WHAT IS REQUIRED
Only the number is wanted: state how many lines of the data below contain the word "Notes".

Records excerpted from a collection
Content starts

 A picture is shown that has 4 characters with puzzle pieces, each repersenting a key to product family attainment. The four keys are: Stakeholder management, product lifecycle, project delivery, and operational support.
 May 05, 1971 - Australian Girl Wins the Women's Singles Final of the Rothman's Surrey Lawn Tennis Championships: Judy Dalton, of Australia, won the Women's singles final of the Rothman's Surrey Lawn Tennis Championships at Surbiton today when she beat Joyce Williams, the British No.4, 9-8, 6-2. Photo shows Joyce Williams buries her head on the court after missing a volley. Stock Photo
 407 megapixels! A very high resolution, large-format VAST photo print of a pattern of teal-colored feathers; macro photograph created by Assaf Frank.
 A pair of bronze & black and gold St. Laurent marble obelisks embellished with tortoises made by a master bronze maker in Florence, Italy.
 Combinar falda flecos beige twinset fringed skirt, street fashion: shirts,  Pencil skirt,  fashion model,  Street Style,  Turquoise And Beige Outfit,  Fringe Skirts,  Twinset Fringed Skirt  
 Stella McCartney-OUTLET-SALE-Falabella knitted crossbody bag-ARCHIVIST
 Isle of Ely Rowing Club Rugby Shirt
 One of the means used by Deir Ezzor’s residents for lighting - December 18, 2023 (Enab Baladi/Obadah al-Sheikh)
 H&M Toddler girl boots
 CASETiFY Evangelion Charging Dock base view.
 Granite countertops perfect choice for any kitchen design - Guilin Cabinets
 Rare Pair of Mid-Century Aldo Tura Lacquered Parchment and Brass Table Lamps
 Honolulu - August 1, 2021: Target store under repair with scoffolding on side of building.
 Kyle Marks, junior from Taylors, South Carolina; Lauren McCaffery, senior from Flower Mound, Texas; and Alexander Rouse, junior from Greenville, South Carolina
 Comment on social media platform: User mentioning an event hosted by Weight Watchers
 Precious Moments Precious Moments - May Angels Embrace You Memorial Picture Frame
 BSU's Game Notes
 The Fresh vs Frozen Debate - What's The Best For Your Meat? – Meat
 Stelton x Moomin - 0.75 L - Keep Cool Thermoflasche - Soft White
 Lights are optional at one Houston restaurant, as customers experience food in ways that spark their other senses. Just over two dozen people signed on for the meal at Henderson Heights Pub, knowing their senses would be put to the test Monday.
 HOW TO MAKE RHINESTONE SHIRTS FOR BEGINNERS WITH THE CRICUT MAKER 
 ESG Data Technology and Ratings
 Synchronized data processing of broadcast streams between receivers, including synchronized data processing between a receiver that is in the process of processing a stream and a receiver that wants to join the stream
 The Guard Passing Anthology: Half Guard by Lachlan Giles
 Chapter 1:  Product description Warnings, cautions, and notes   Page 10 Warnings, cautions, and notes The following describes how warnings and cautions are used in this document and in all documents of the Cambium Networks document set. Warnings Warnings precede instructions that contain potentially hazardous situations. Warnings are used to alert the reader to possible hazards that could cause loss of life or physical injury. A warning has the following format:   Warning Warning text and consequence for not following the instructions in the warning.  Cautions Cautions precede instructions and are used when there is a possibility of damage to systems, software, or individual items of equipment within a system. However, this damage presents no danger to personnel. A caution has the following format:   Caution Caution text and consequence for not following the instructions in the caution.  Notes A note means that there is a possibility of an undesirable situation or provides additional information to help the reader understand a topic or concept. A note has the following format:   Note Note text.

Content ends

YOUR RESPONSE
2